Why It Matters if Canada’s Science Chief is a Creationist
Phil Plait makes some good points about Canadian Science Minister Gary Goodyear, and why it matters if Canada’s chief science guy is a creationist: Canadian Science Minister update: kinda.
As I pointed out in my post yesterday, religion is irrelevant only if it doesn’t affect the job. But as we have seen over the past 8 years in the US, religion does indeed have a tendency to affect people’s decisions, especially, critically, if they are a creationist. Then it colors everything they do, including trying to overthrow the Constitution.
Of course, this is Canada and not the United States we’re talking about here, so the ground rules legally are different. But tell me, how would you feel if the head of your federal science department told you he believes the Earth is flat? Or the Sun revolves around the Earth? Or that he thinks the sky is a great crystal sphere, and he lies awake at night worried that the Voyager probes will smash it and let all our air out?

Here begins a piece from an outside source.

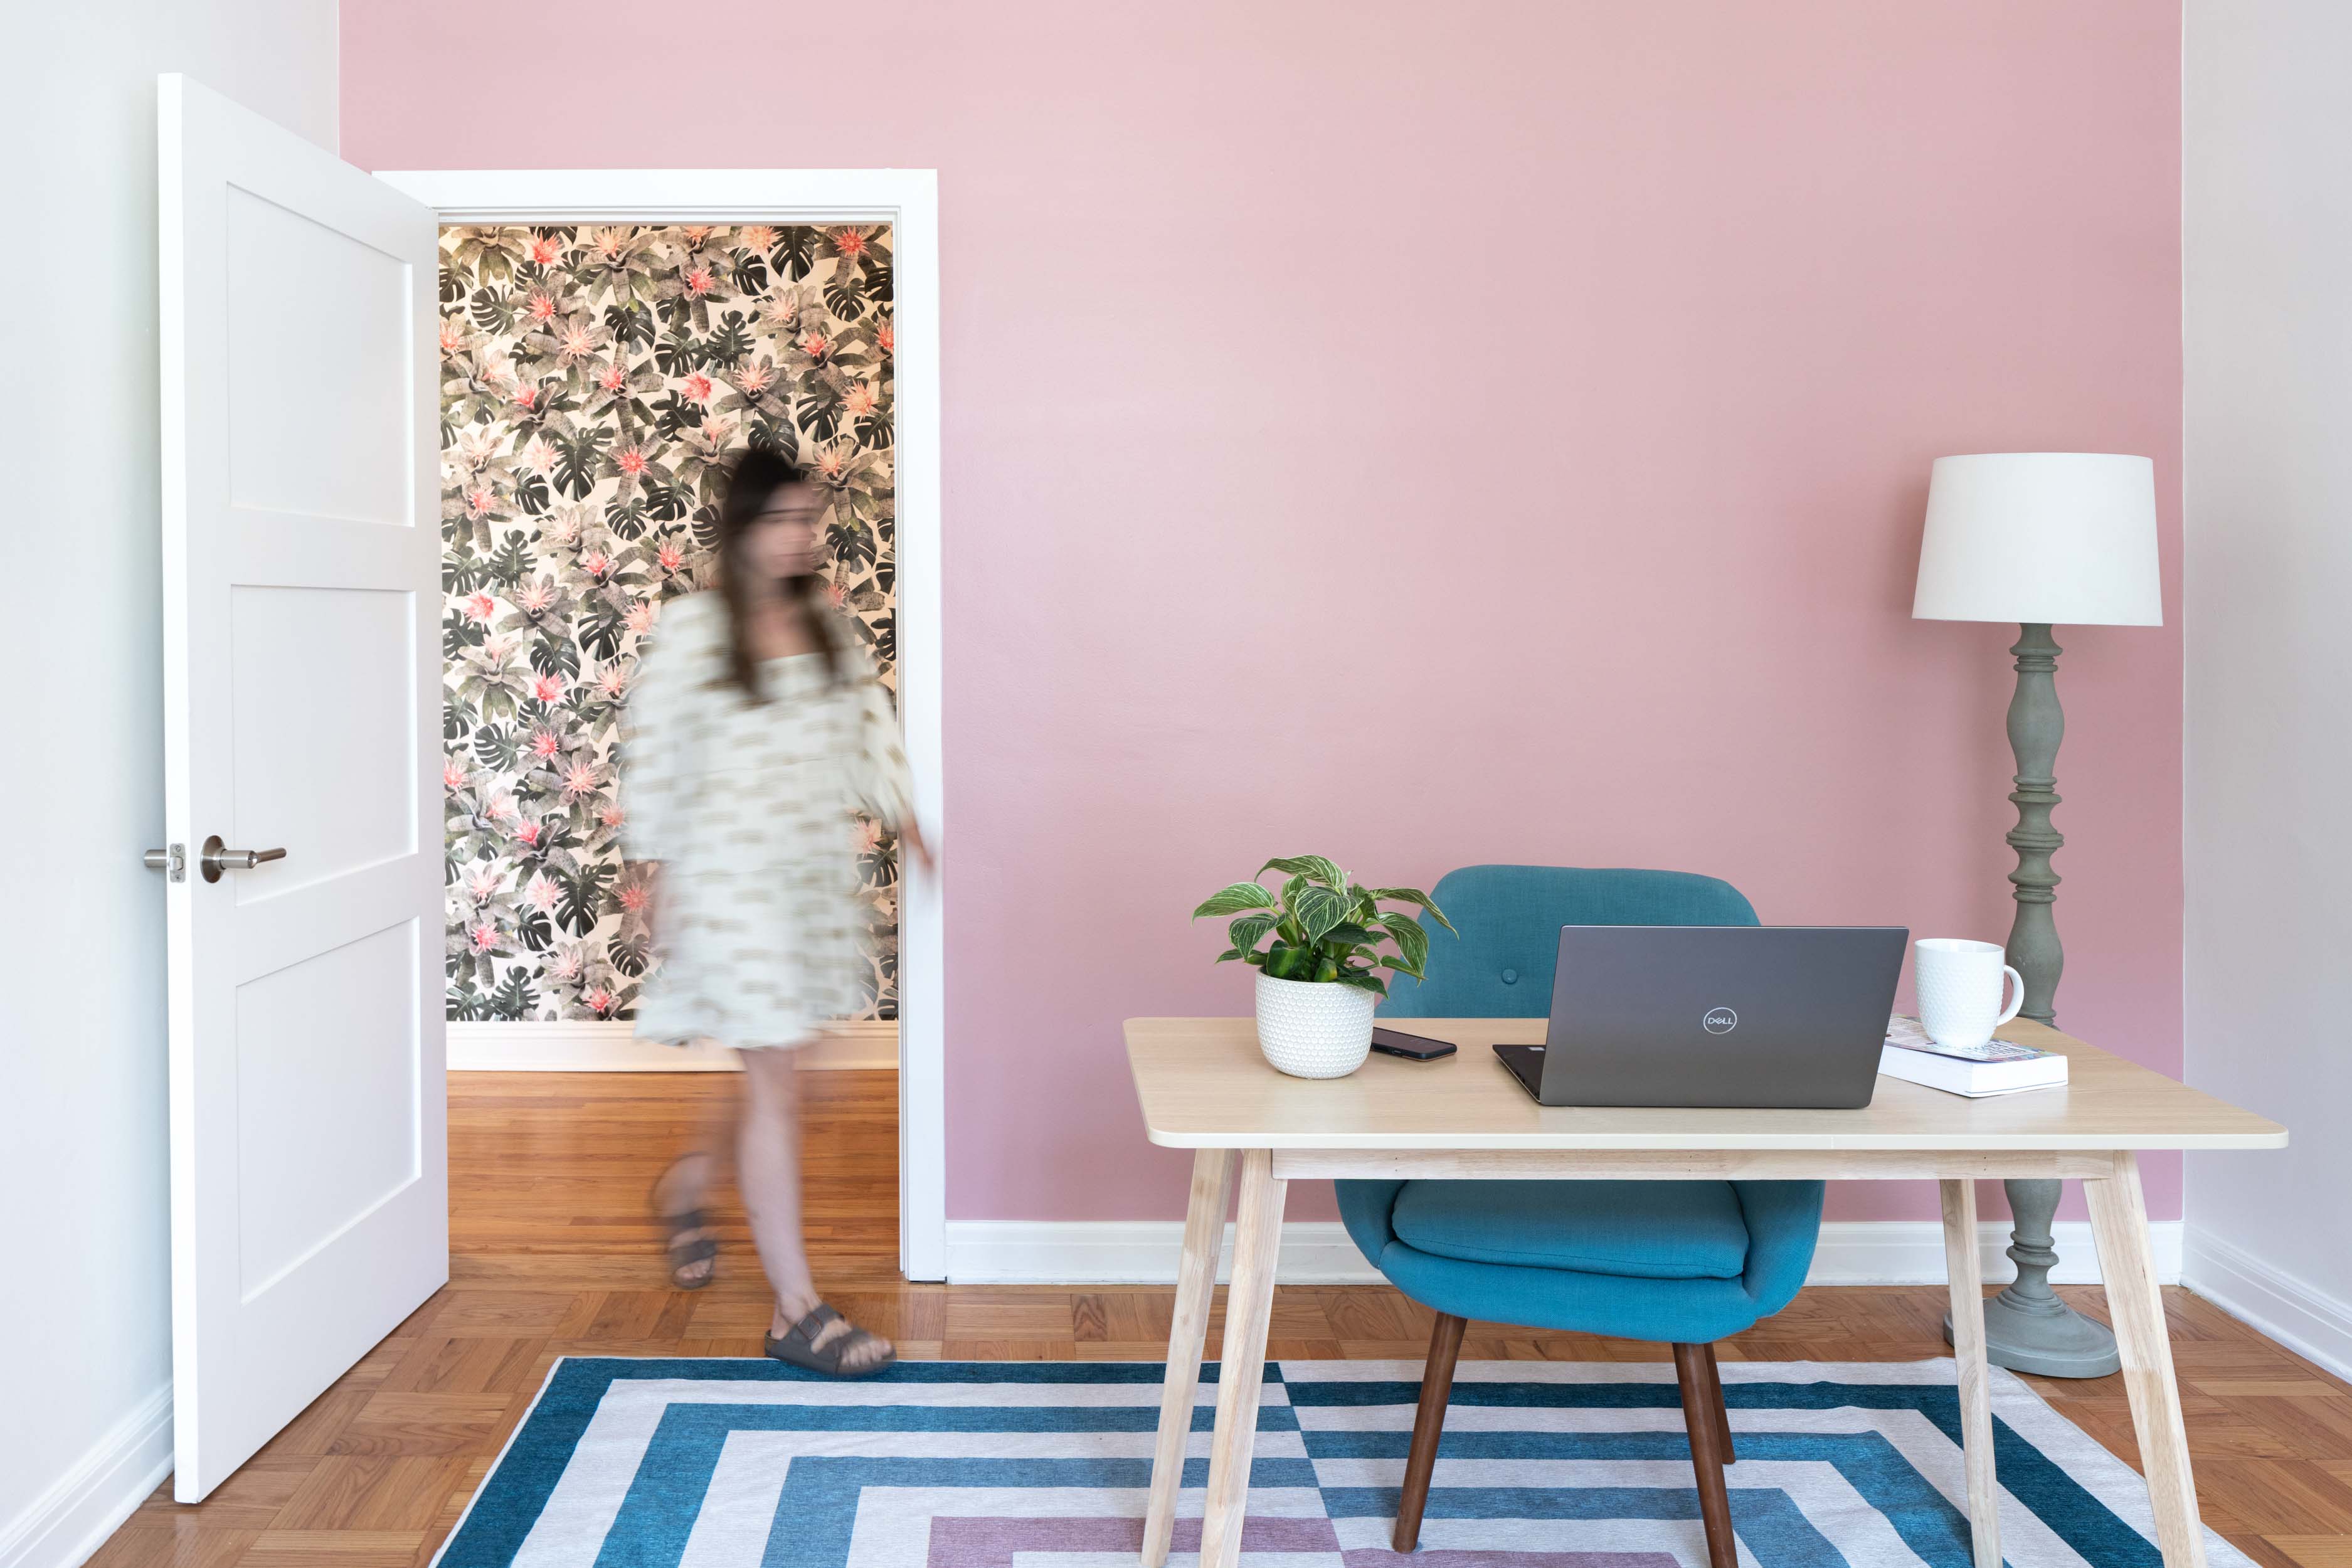 Woman walking into small office space with table, chair, and laptop against a pink wall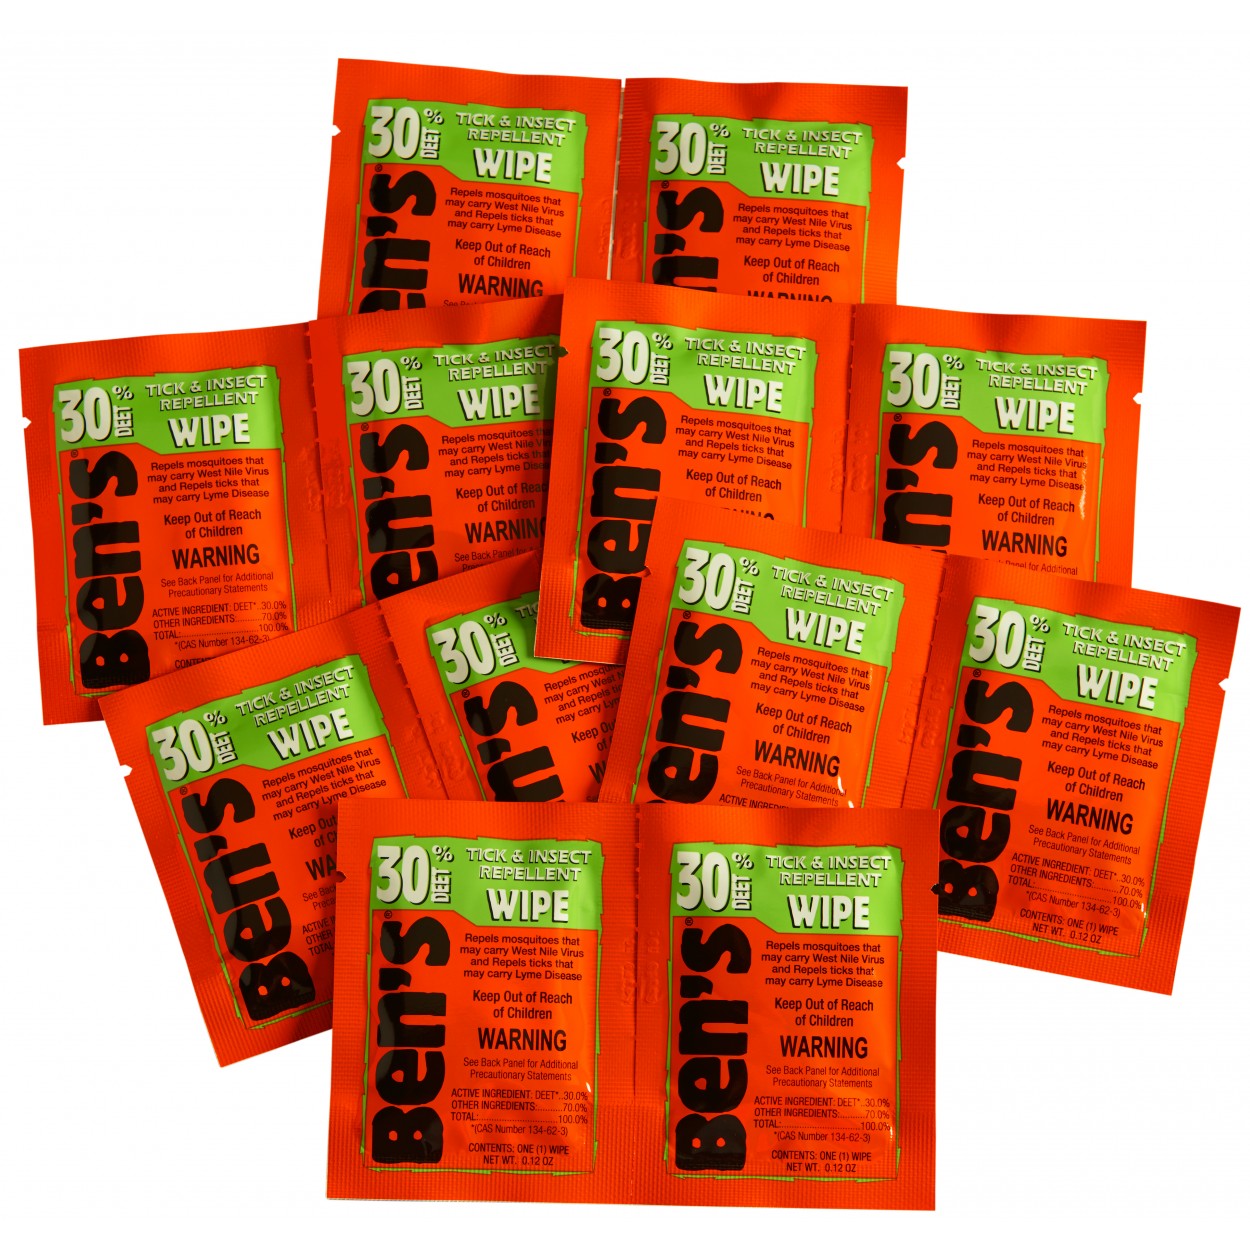 Ben's 30 Tick and Insect Repellent Wipes from GME Supply

Those beliefs have just as much basis as young Earth creationism: they are faith-based only, and have no evidence for them, and about a billion solid pieces of evidence against them. If your science advisor told you any of those things, you’d think he was crazy and you’d look for a replacement.
So yeah, you’re darn tootin’ this is a relevant question. And for him to say otherwise is a denial of reality both politically and, well, realistically.